Tek Doz ile Gecikmiş Etki: 1 ya da 2 gün uygulamanın ardından 3-14 gün içinde görülen letal etkidir.

Ölüm periyodu 24 saatten başlayarak 21 güne kadar sürebilir.

2. Tercihli Yemleme Testi:

Amaç ürünün lezzetliliğinin (palatability) ortaya konmasıdır. Ürün geliştirme safhasında tercih edilen test metodudur.Eğer hem taze hem de eskimiş ürün ile çalışma yapılırsa ürüne

ilişkin depolama kalitesi ve stabilitesi hakkında da önemli veriler elde edilir

Bu çalışmanın tercihen yaban tipi hayvanlarla gerçekleştirilmesi önerilmektedir.

Test prosedüründe hayvana aktif madde içermeyen yem ile (nonpoisoned challenge diet) aktif madde içeren ürün verilir ve hayvanın seçim süreci takip altına alınır.

Hayvanların ağırlık ölçümleri Genel sağlık durumları ve gözlemlenen semptomlar Yem ve ürün tüketimi Lezzetlilik oranı (amount of product:amount of challenge diet)

kayıt altına alınmalıdır.

Deneysel Dizayn

Çalışmalarda sağlıklı, yetişkin ve 25 gr’dan az olmayan fare ve 180 gr’dan az olmayan sıçan farklı eşeylerden (5 dişi – 5 erkek) kullanılmaktadır.

Hayvanlar minimum 3 gün boyunca yaşadıkları ortama alıştırılırlar ve günlük standart pellet yem ile beslenirler.

3. günün sonunda her hayvanın normal şekilde beslendiği ve ne kadar yem tükettiği kayıt altına alınır.

Eğer düzgün beslenmeyen hayvan var ise denemeden çıkartılır.

Test periodunun başında hayvanların günlük yemi uzaklaştırılır ve biyosidal ürün (rodentisit) verilir.

Test boyunca her 24 saatte dökülen ürünler toplanır ve dışkı gibi artıklar ortamdan uzaklaştırılır (Kullanılan altlıklar önemlidir).

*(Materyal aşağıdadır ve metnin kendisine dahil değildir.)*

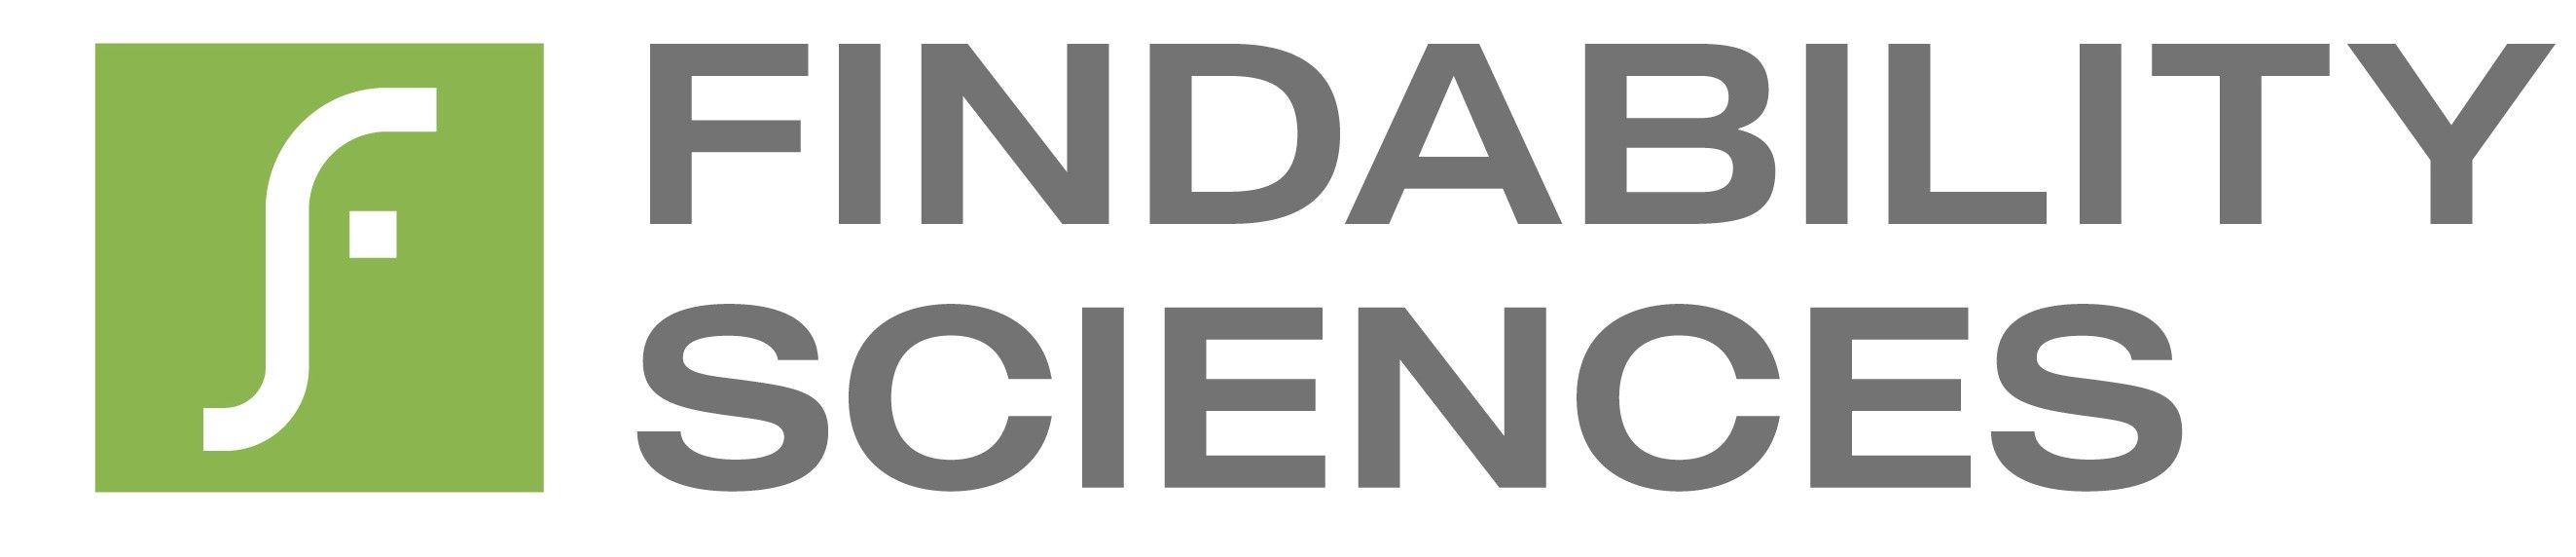 findabilitysciences Logo

Tüketilen ürün miktarı kayıt altına alınır.

Eğer çalışma 1 günlük ise, gözlem periyodu boyunca ürün kaldırılır ve yerine pellet (laboratuvar yemi) koyulur.

Uzun süreli etkinlik çalışmalarında ise, ilk verilen ürün kaldırılır ve yerine aynı miktarda taze ürün eklenir.

Son gün (var ise) tüketilmemiş yem kaldırılır ve yerine gözlem periyodu boyunca pellet (laboratuvar yemi) koyulur.

Gözlem periyodu boyunca rodentler en az günde 1 (ideal 2 gün) kere kontrol edilirler.

Karşılaşılan bütün toksik semptomlar ve mortalite oranları kayıt altına alınır.

Gözlem periyodu boyunca kayıt altına alınan mortalite yüzdesi değerlendirilir.

Hayvanları % 90‘nından fazlasının ölmesi durumu göz önünde bulundurularak ürün etkinliği kayıt altına alınır.